Furthermore, this measurement isn’t limited to use on topic models. It can be used on any pair of types related to each other by categorical distributions; or, to put it another way, it can be used to collapse any bipartite graph into a non-bipartite graph in a probabilistically sound way. This opens up lots of interesting possibilities that I’ll discuss in later posts. But to give you just one example, consider this: instead of thinking of topics and books, think of books and recommenders. Suppose you have a community of recommenders, each of whom is disposed to recommend a subset of books with different probabilities. The recommenders form one set of nodes; the books form the other. The browsing process would look like this: you talk to someone likely to recommend a book you already like and ask for another recommendation. Then you talk to someone else likely to recommend that book, and so on. This could be a new way to implement recommender systems like those used by Amazon.


  1. I hope someone will tell me it’s not! In that case, my task is easier, because it means I won’t have to do all the theory. I’ve found a few near misses. In a paper on topic model diagnostics, Chuang, et. al. propose a refinement of cosine similarity for finding matches between topics across multiple independently-run models. Unlike the measure I’m proposing, theirs uses topic-word vectors; is not based on a generative model; and is a symmetric operator. However, theirs was better at predicting human judgments than cosine similarity was, and is worth investigating further for that reason. See also this wonderful post by Brendan O’Connor, which lays out a fascinating set of relationships between various measures that all boil down to normed dot products using different norms. This measure could be added to that list. 

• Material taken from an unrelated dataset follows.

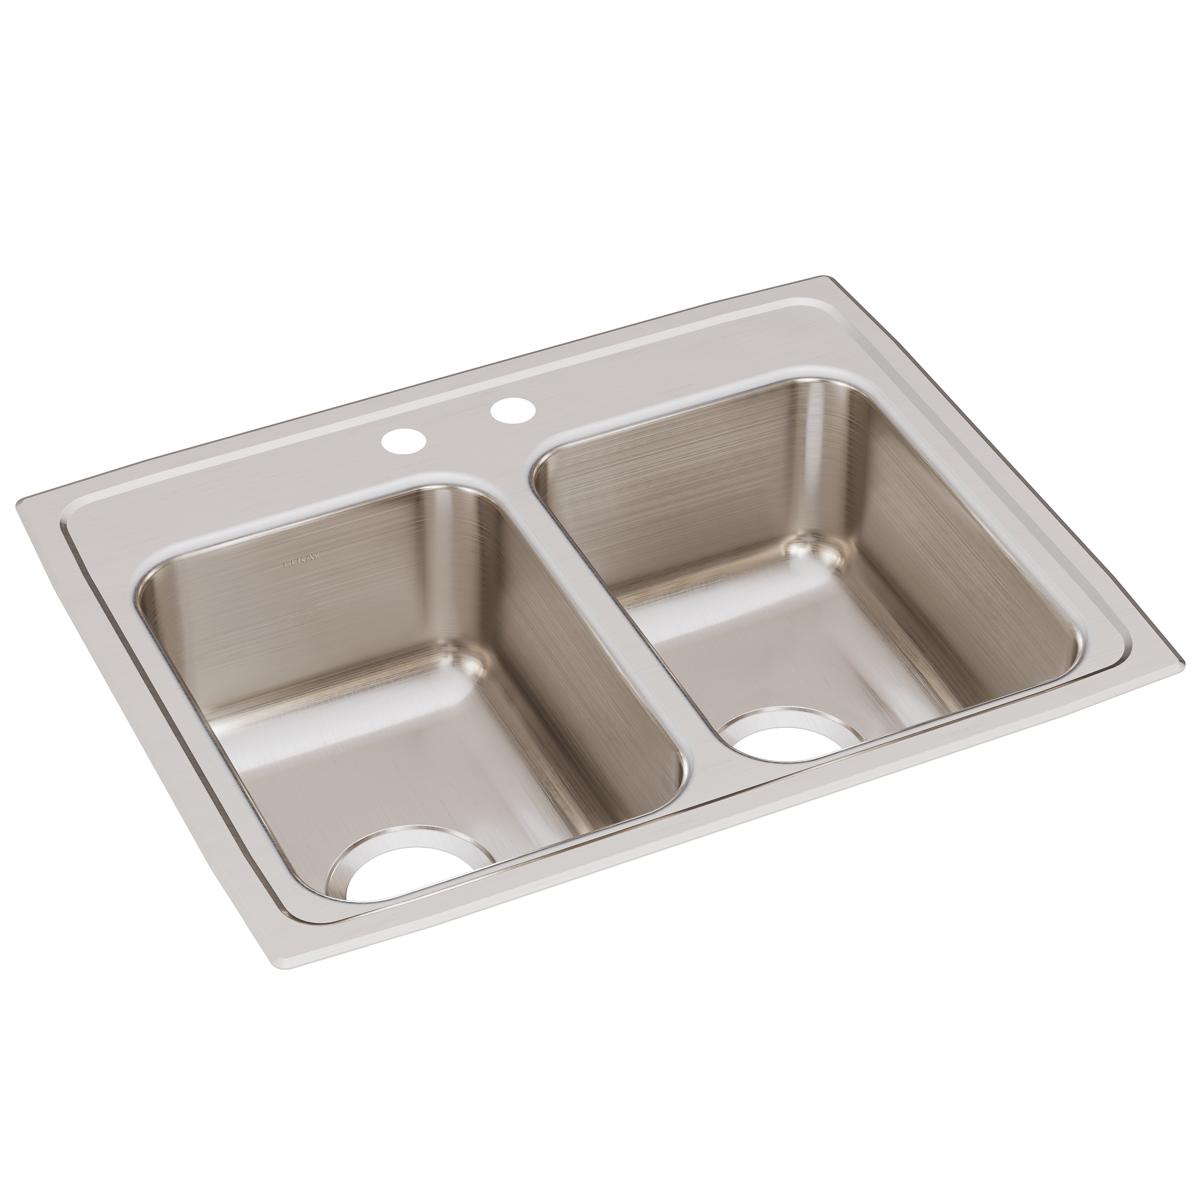 Elkay Lustertone Classic 25" x 19-1/2" x 7-5/8" Equal Double Bowl Drop-in Sink with Quick-clip

  2. Here’s the graph-theoretic interpretation: given that the topics and books together form a complete bipartite graph, in which the edges are weighted by the proportion of the book that is about the linked topic, this is equivalent to building a non-bipartite directed graph describing the probability of moving from one topic to another while browsing. This takes up ideas that I first encountered through Scott Weingart
  3. This is almost the same as what Wikipedia calls the “extended version” of Bayes Theorem. The only difference is a small modification that resulted from the step we took to generate equation 12, which was possible because p(B) is uniform. 
  4. If you’re anything like me, you probably start to feel a little anxious every time a variable moves inside or outside the summation operator. To give myself a bit more confidence that I wasn’t doing something wrong, I wrote this script, which repeatedly simulates the 7-step process specified above a million times on an imaginary corpus, and compares the resulting topic transition probability to the probability calculated by the derived formula. The match is close, with a tight standard deviation, and very similar results for several different averaging methods. The script is a little bit sloppy — my apologies — but I encourage anyone interested in verifying this result to look at the script and check my work. Let me know if you see a potential problem!